To use this method, first create a System that is entirely modeled with the conventional force field. Pass it to this method, along with the indices of the atoms to model with this potential (the “ML subset”). It returns a new System that is identical to the original one except for the following changes.
Removing all bonds, angles, and torsions for which all atoms are in the ML subset.
For every NonbondedForce and CustomNonbondedForce, adding exceptions/exclusions to prevent atoms in the ML subset from interacting with each other.
(Optional) Removing constraints between atoms that are both in the ML subset.
Adding Forces as necessary to compute the internal energy of the ML subset with this potential.

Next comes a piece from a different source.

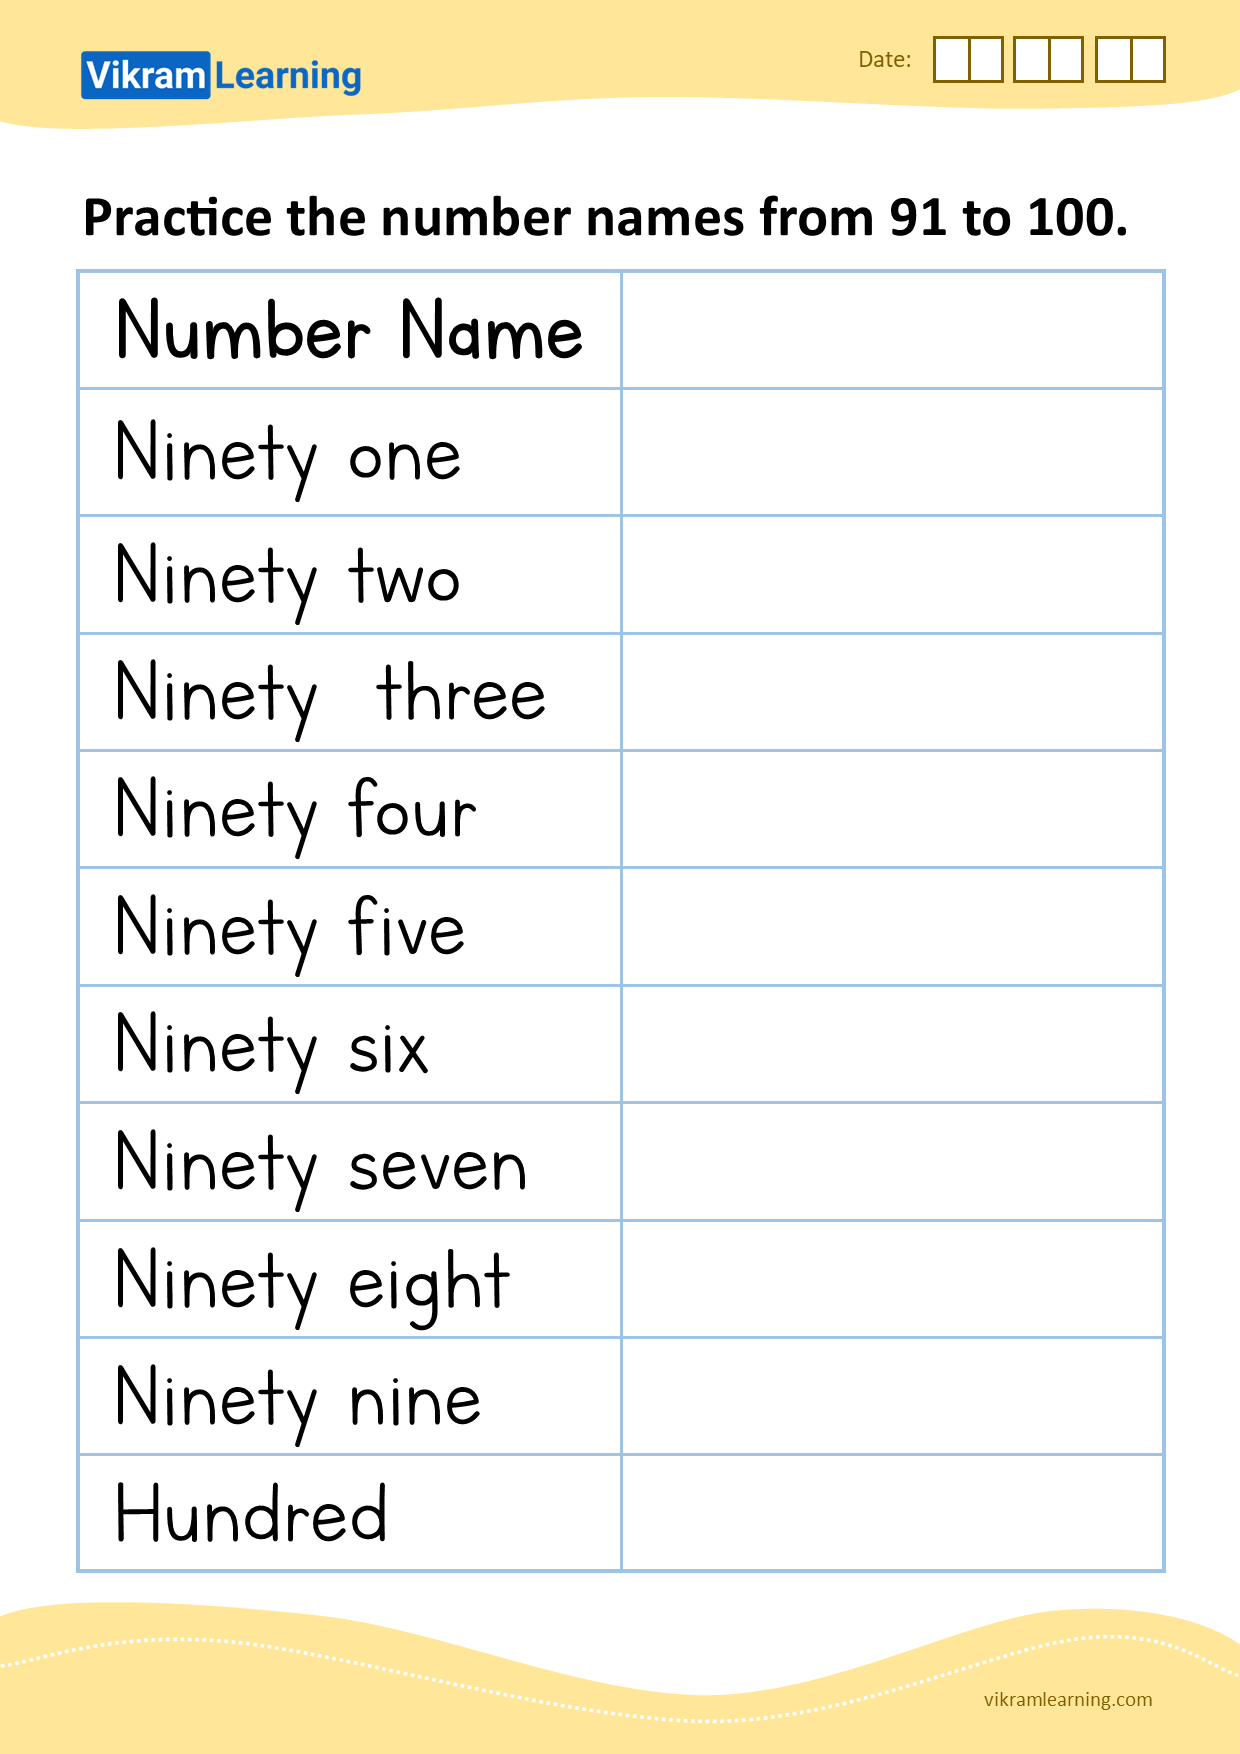 download-practice-the-number-names-from-91-to-100-worksheets-vikramlearning
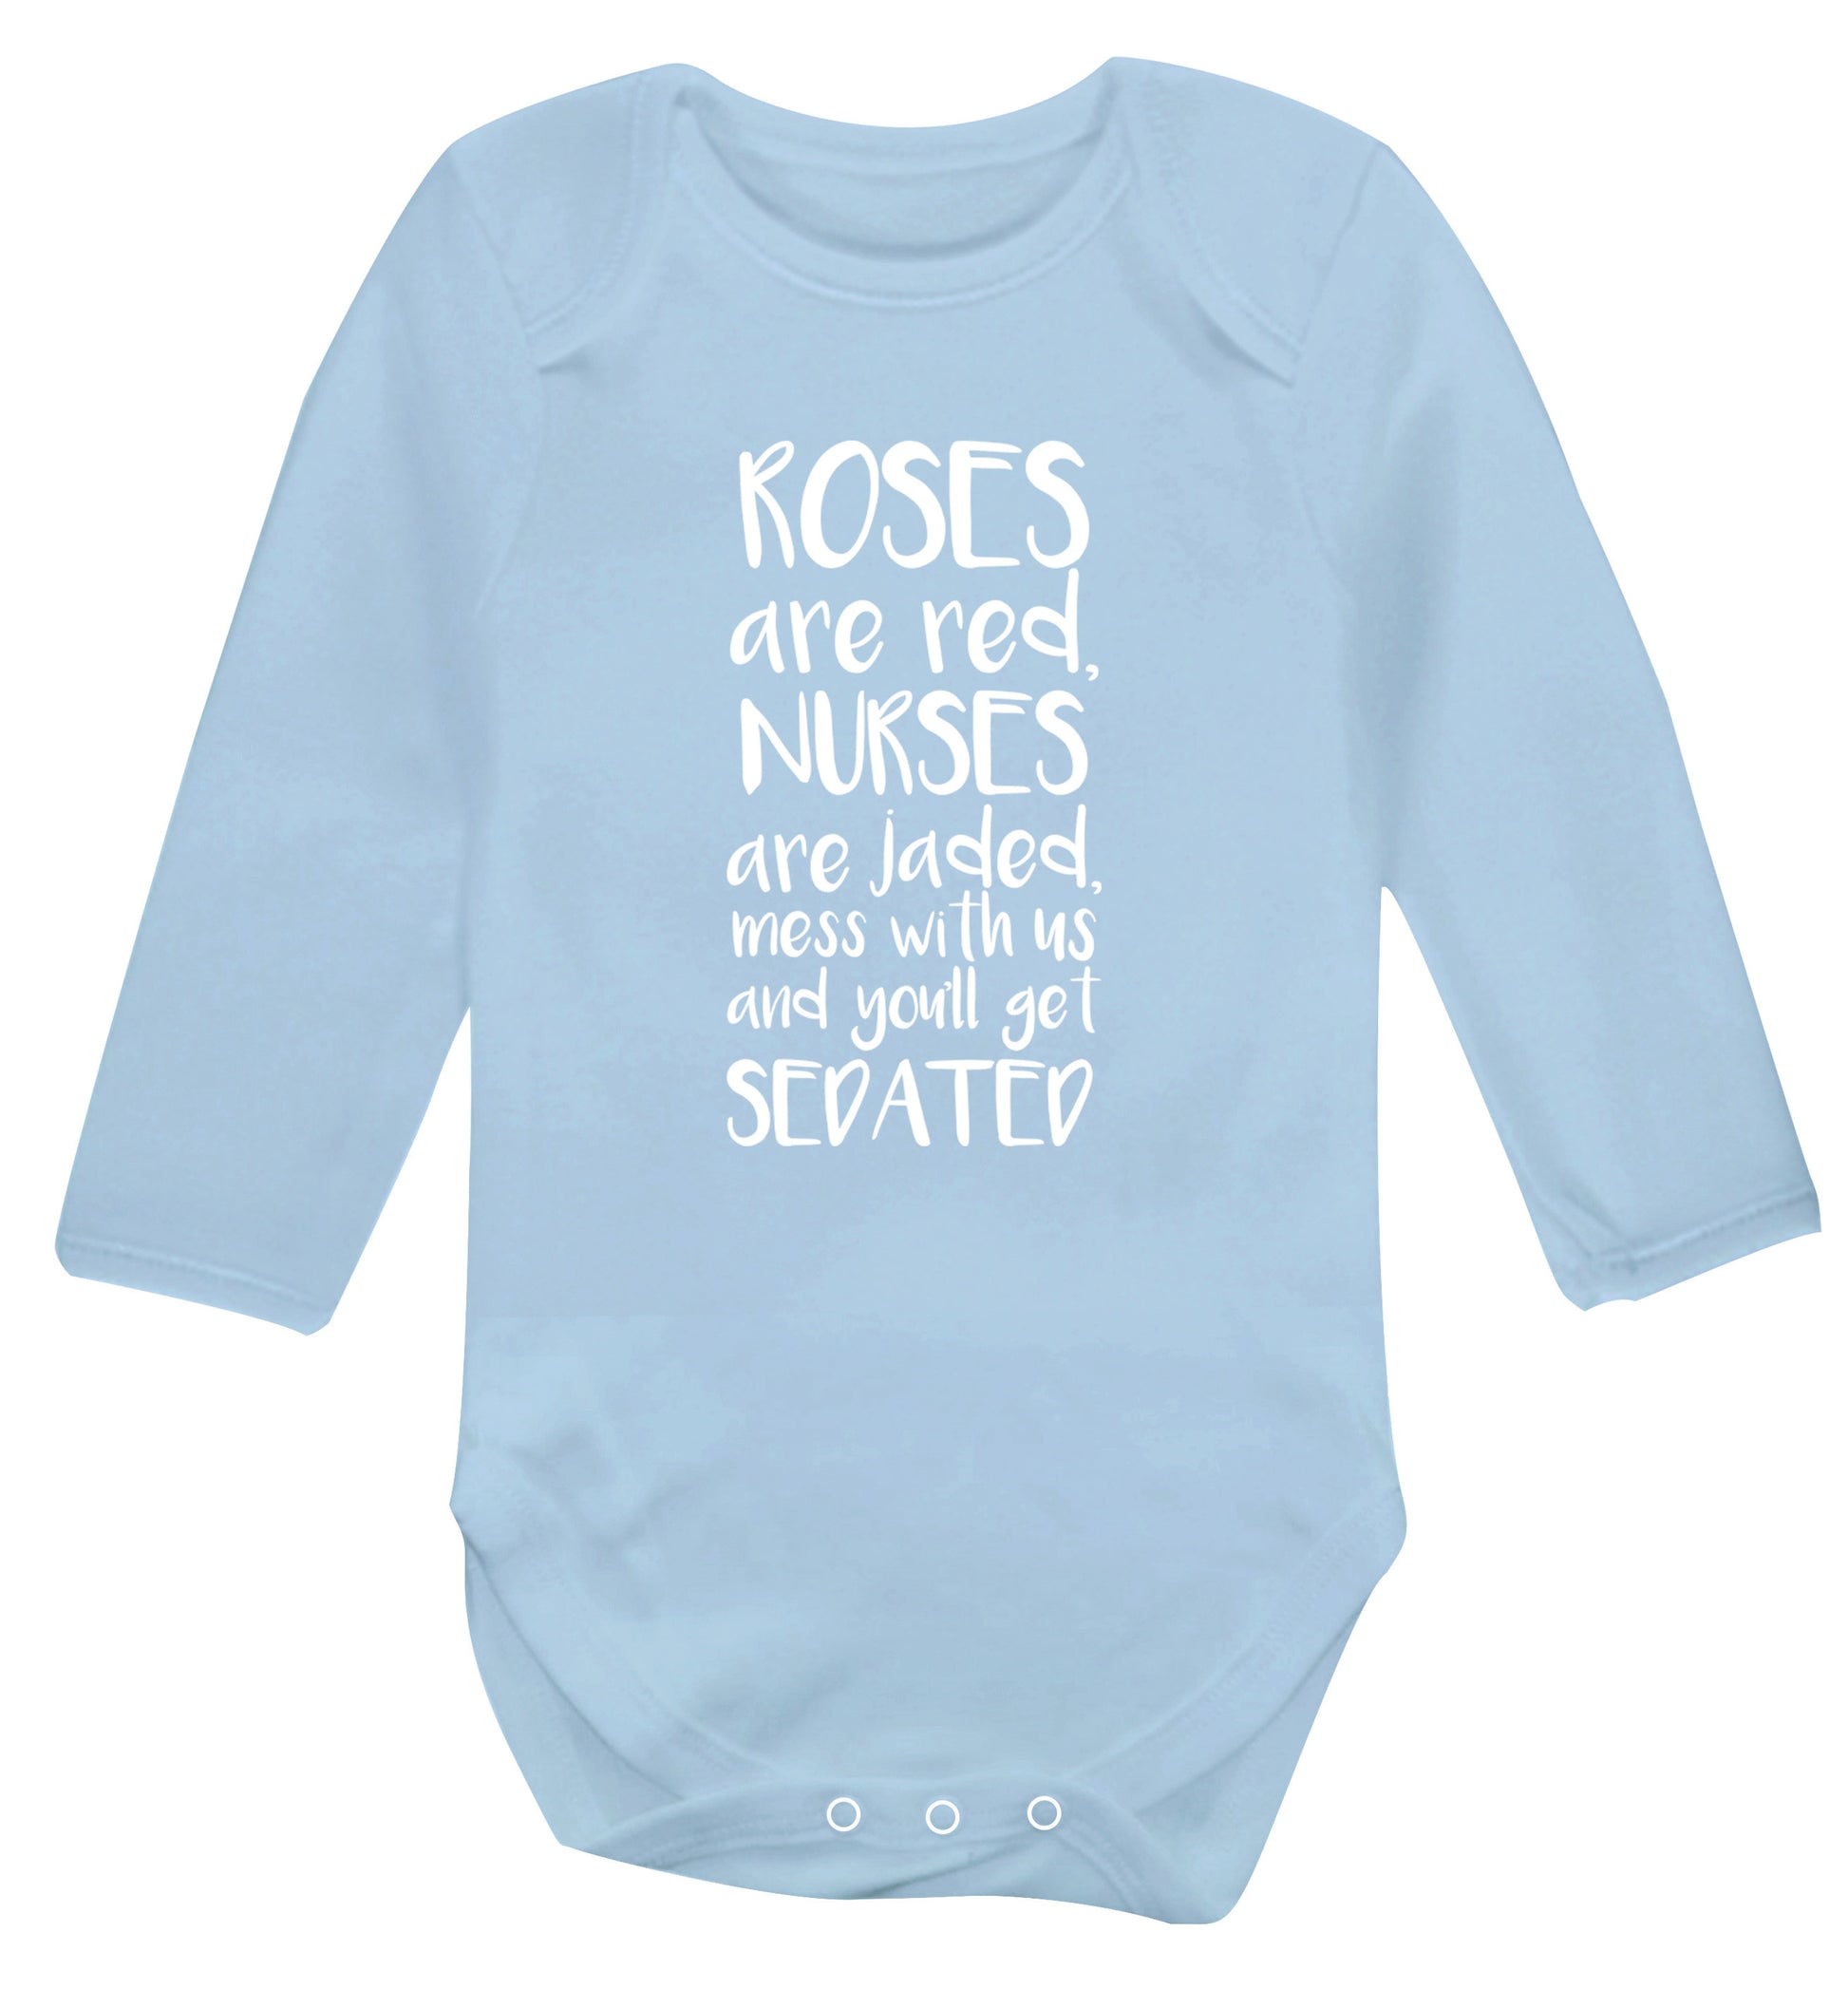 Roses are red, nurses are jaded, mess with us and you'll get sedated Baby Vest long sleeved pale blue 6-12 months

Alternatively, the System can include Forces to compute the energy both with the conventional force field and with this potential, and to smoothly interpolate between them. In that case, it creates a CustomCVForce containing the following.
The Forces to compute this potential.
Forces to compute the bonds, angles, and torsions that were removed above.
For every NonbondedForce, a corresponding CustomBondForce to compute the nonbonded interactions within the ML subset.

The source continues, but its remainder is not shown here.